◆ **Task instructions**
Transcribe the listing that follows in full, omitting pictures.

◆ **Dataset excerpt**
--
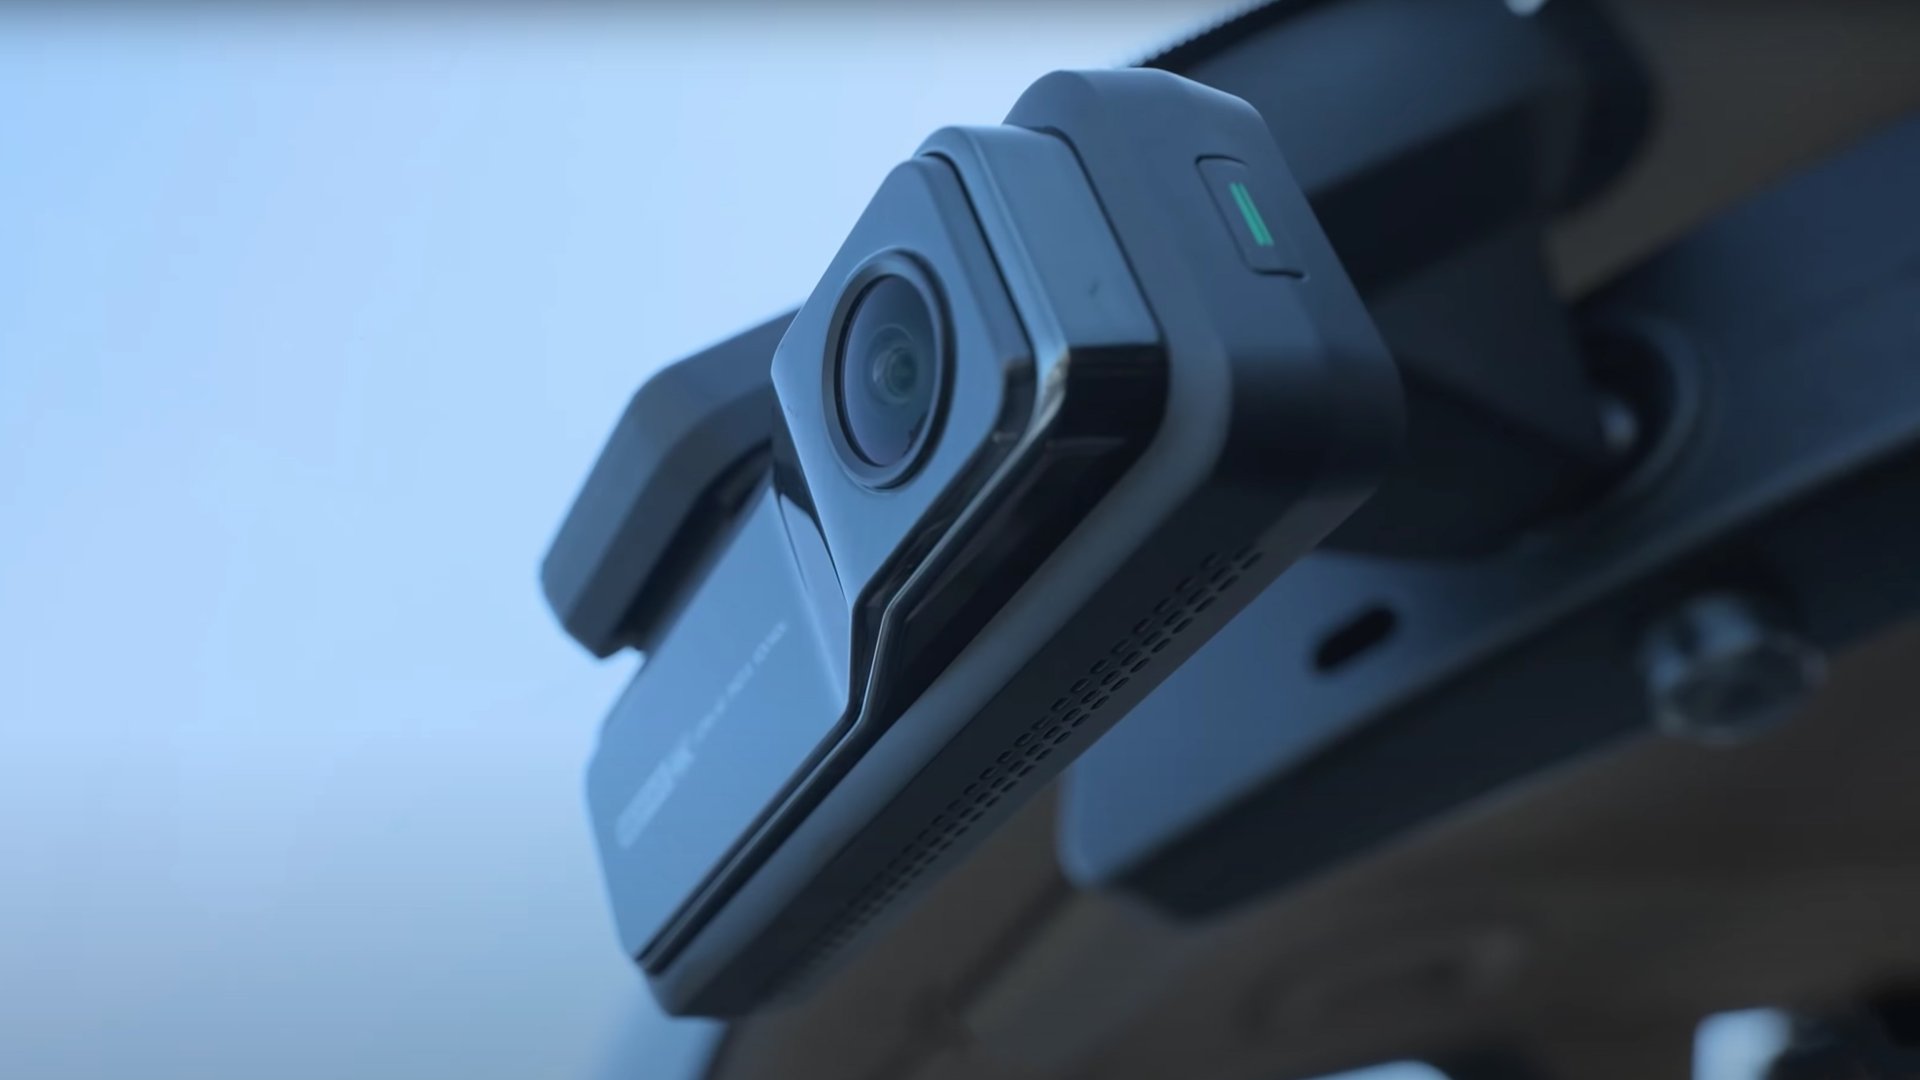 Die Mioive 4K-Dashcam ist an der Windschutzscheibe eines Autos montiert
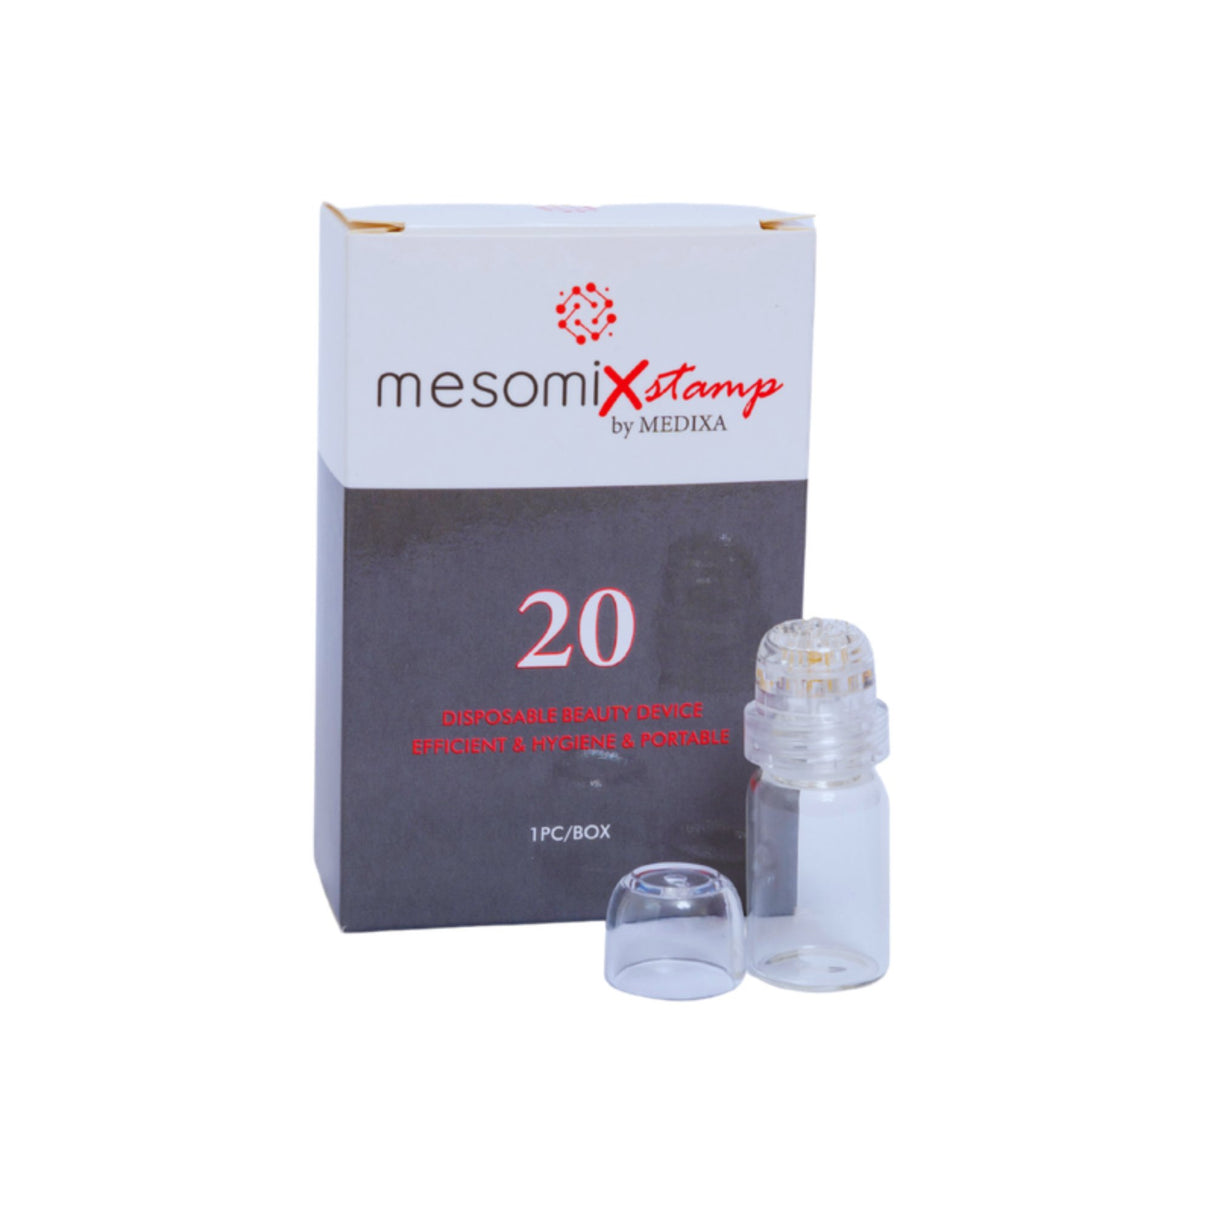 Mesomix Stamp - Filler Lux™ - Medical Device - Medixa
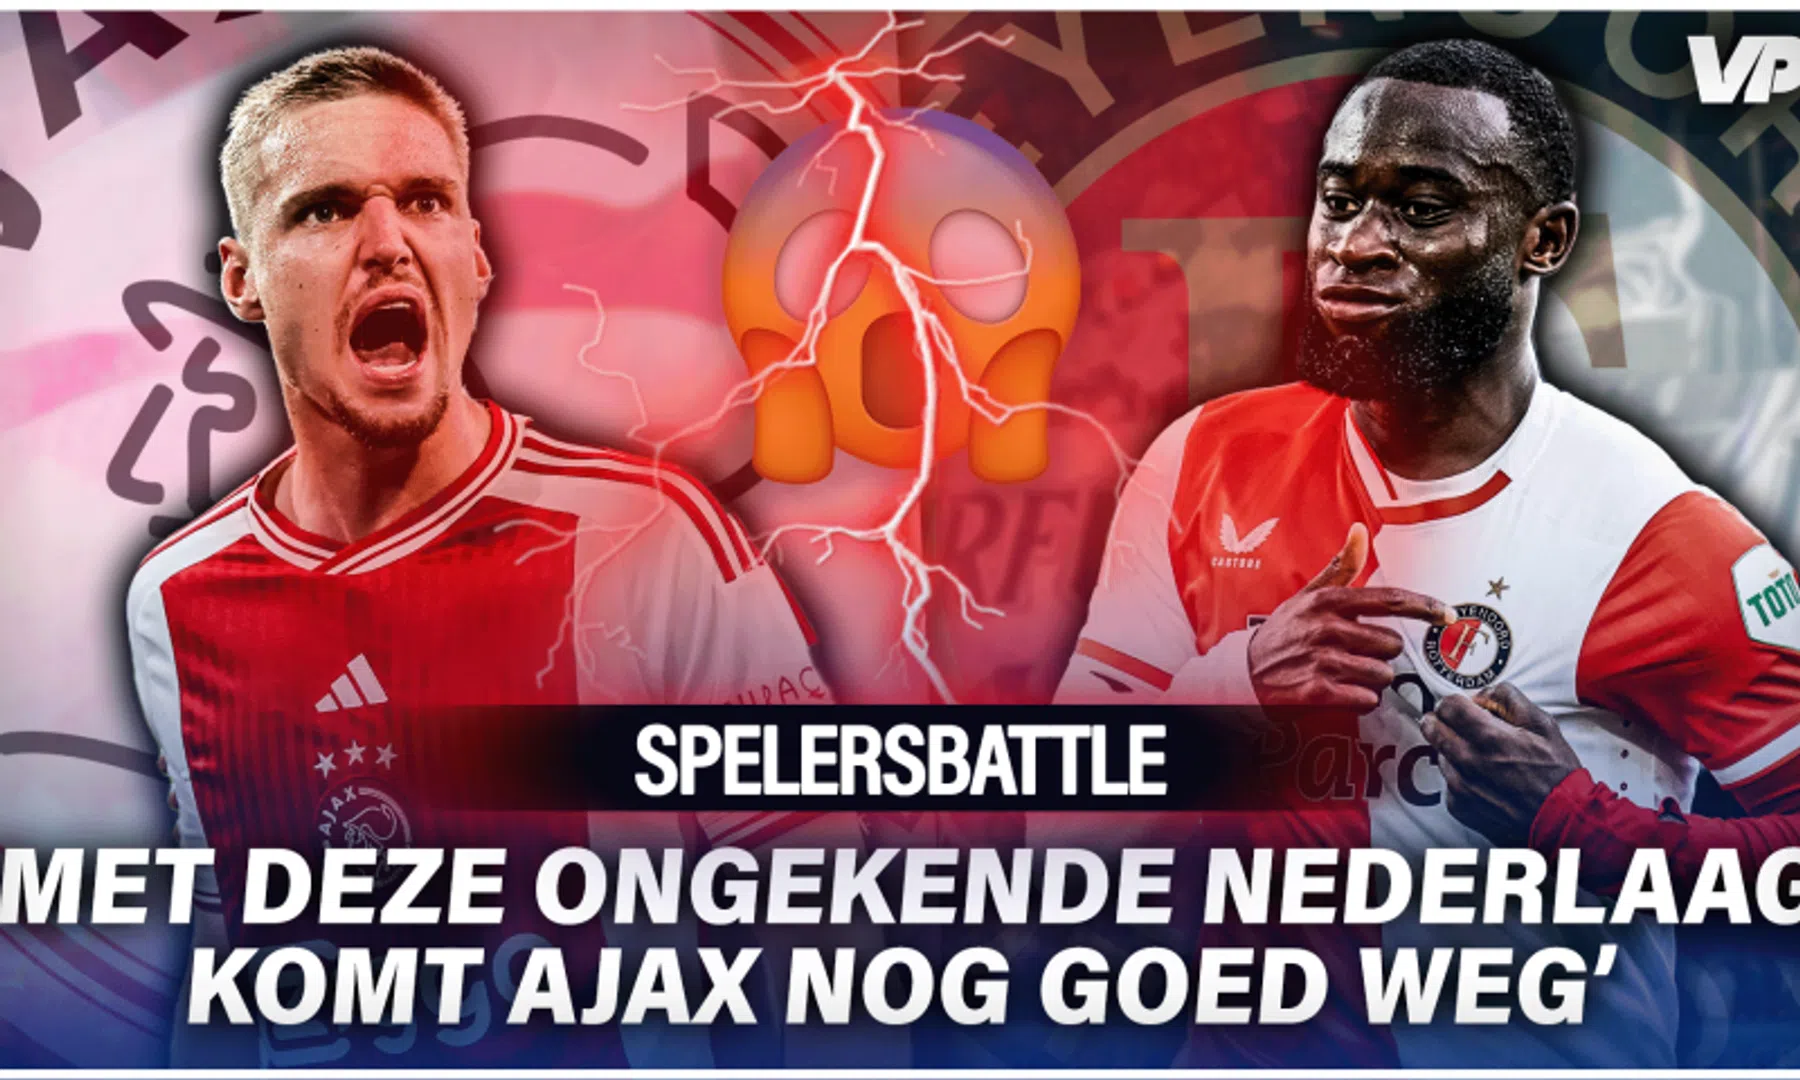 Spelersbattle Ajax - Feyenoord: stevige oorwassing
--
◆ **Response area**
 Die Mioive 4K-Dashcam ist an der Windschutzscheibe eines Autos montiert
 Mesomix Stamp - Filler Lux™ - Medical Device - Medixa
 Spelersbattle Ajax - Feyenoord: stevige oorwassing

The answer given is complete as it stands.